▶ [Problem requirements]
Make an exact copy, from the records below, of the lines from the line containing "Cycling - Out Front Mount Mounts Quad Lock" to the line containing "Happy #InsectThursday from", both lines included, excluding pictures.

▶ [Data]
====

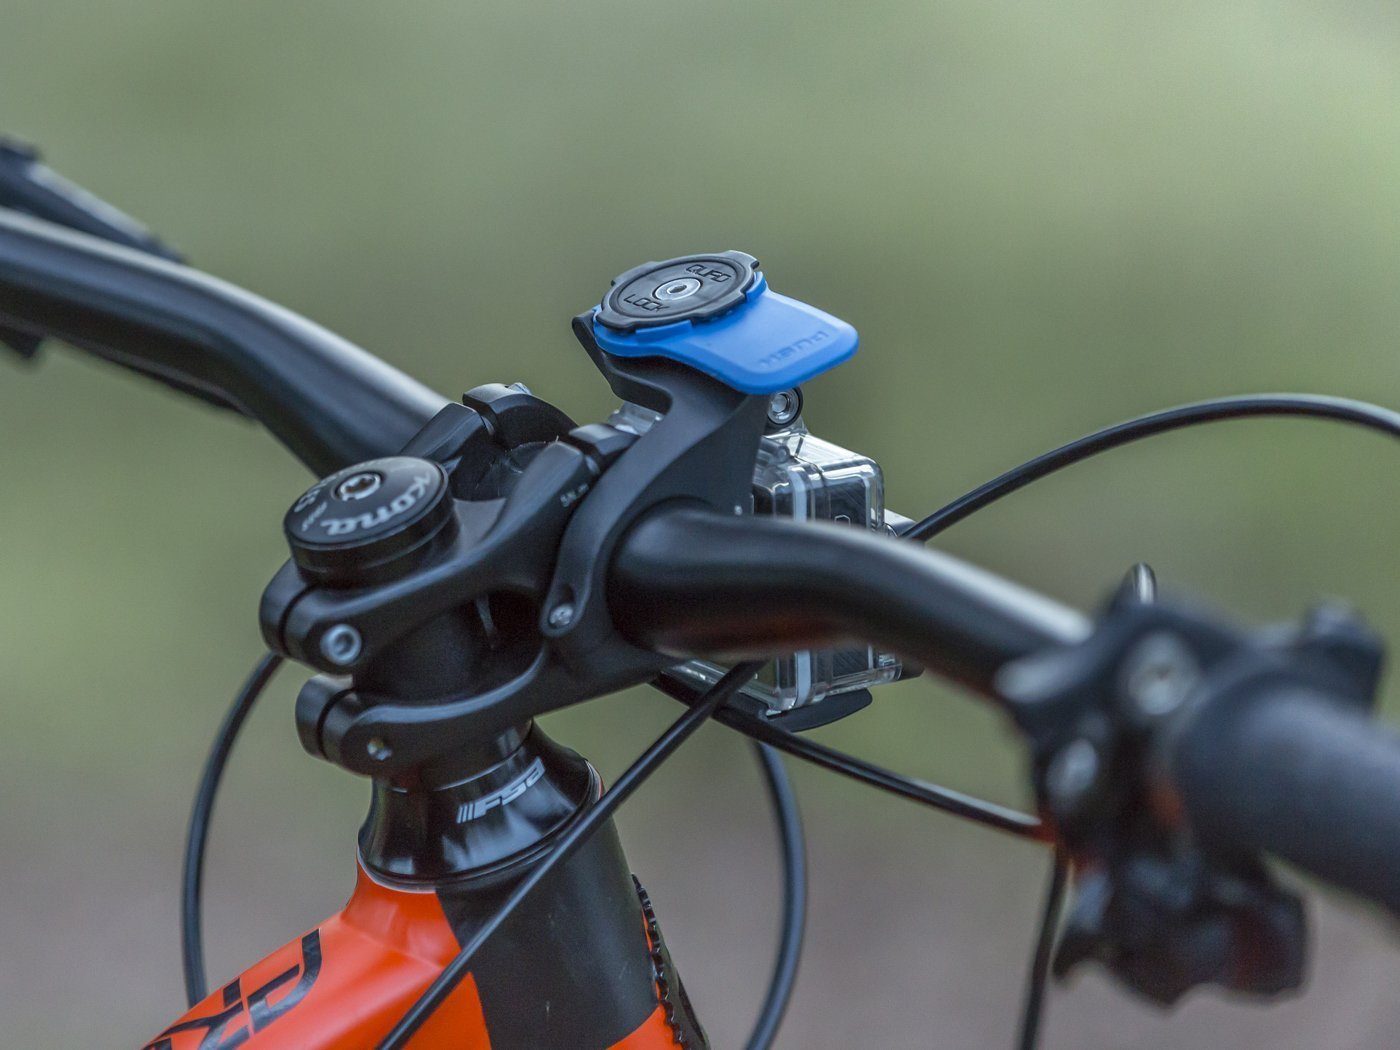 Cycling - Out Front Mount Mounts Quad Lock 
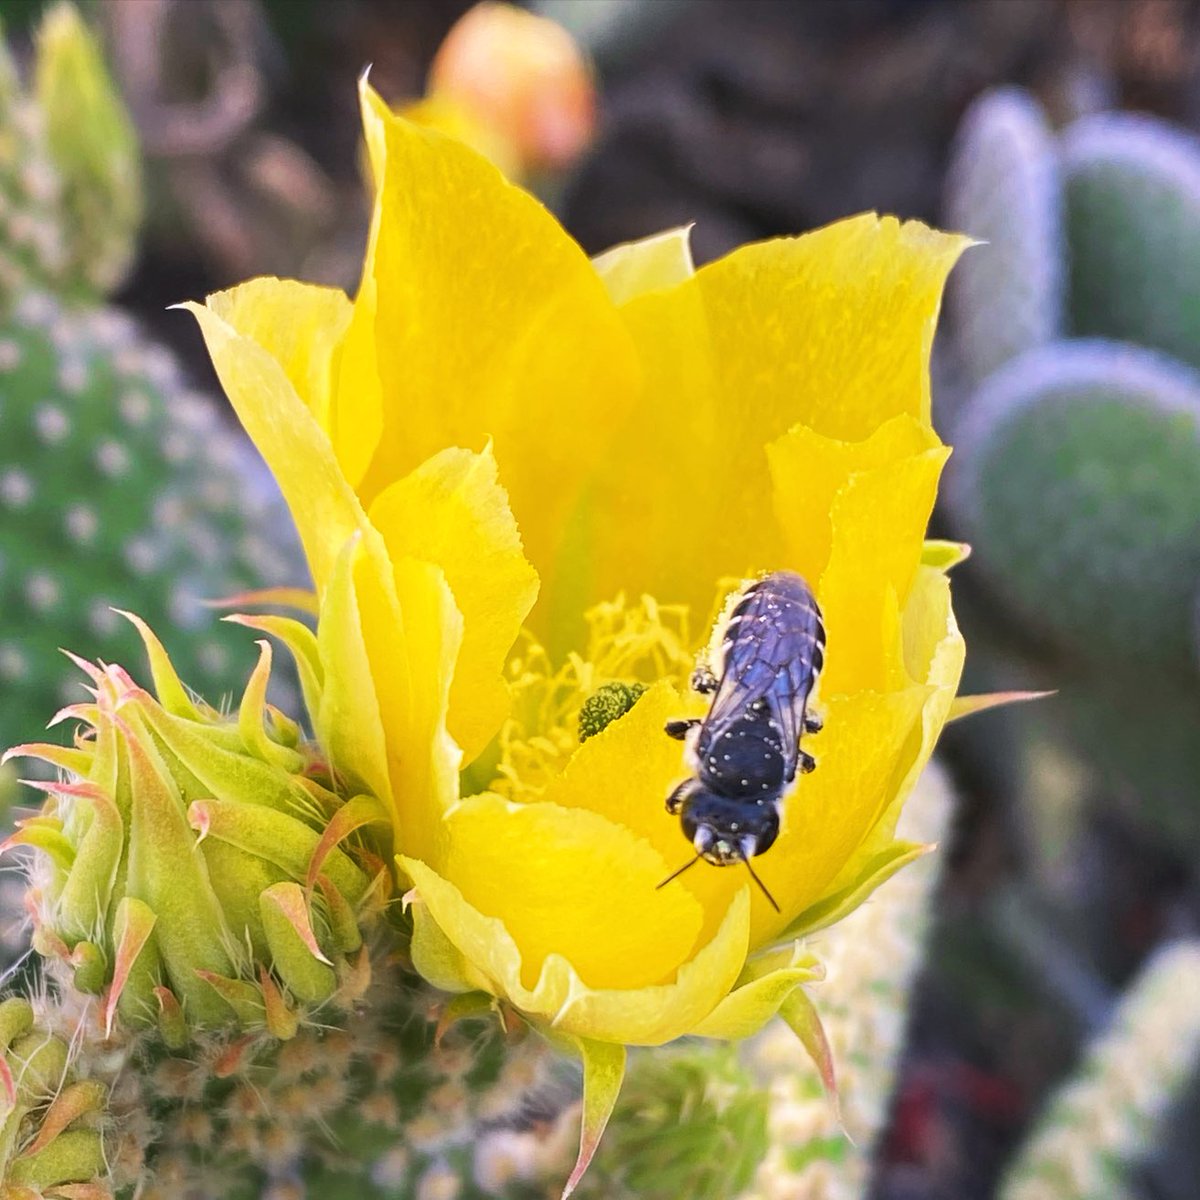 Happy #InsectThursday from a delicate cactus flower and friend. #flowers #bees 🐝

====

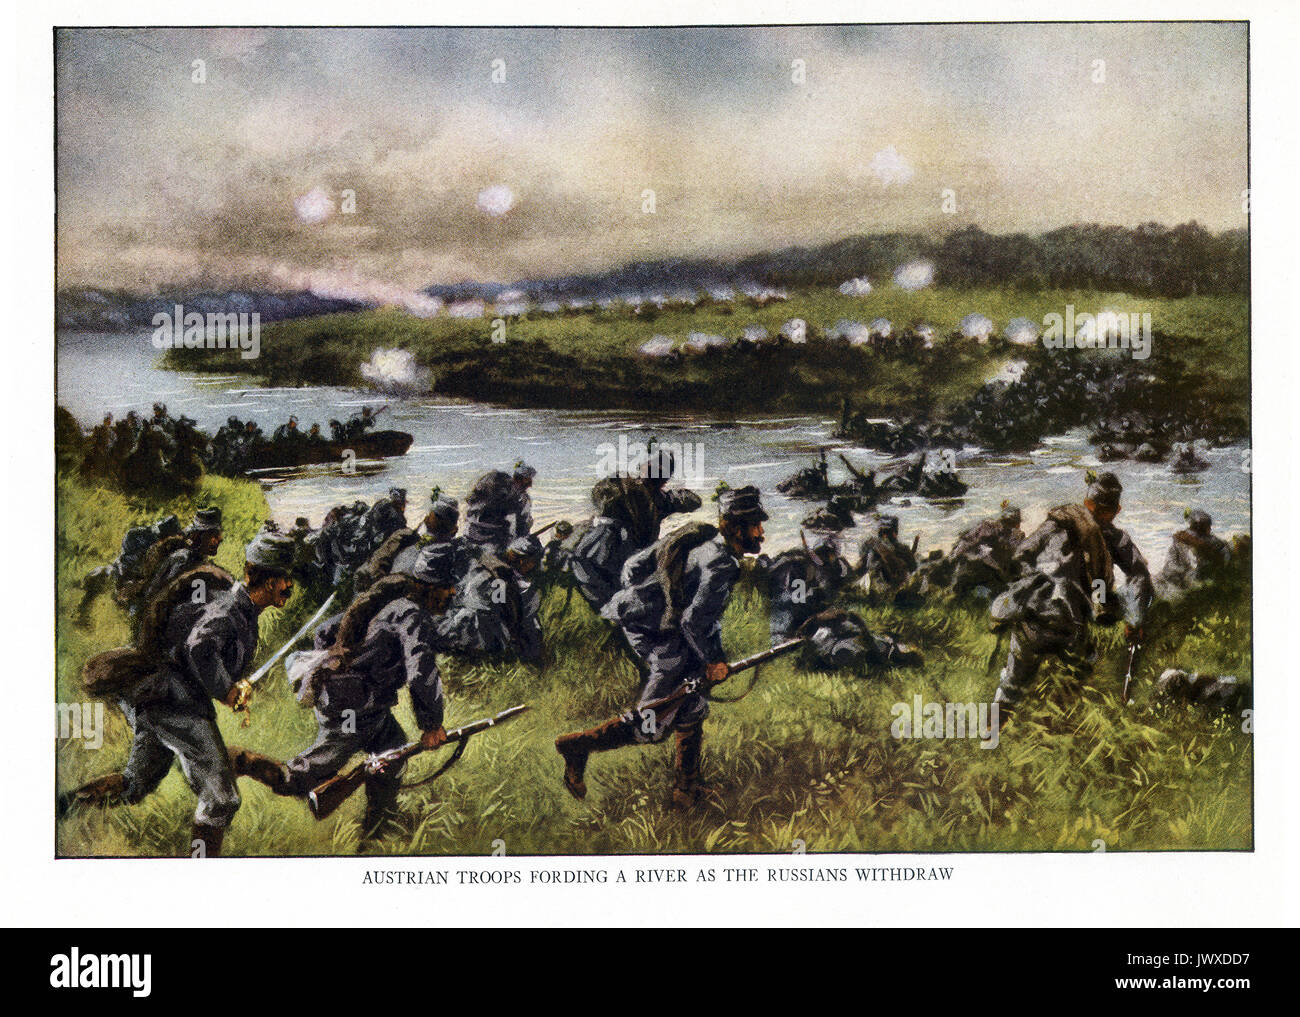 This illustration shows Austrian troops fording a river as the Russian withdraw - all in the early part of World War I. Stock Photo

====

▶ [Exercise output]
 Cycling - Out Front Mount Mounts Quad Lock 
 Happy #InsectThursday from a delicate cactus flower and friend. #flowers #bees 🐝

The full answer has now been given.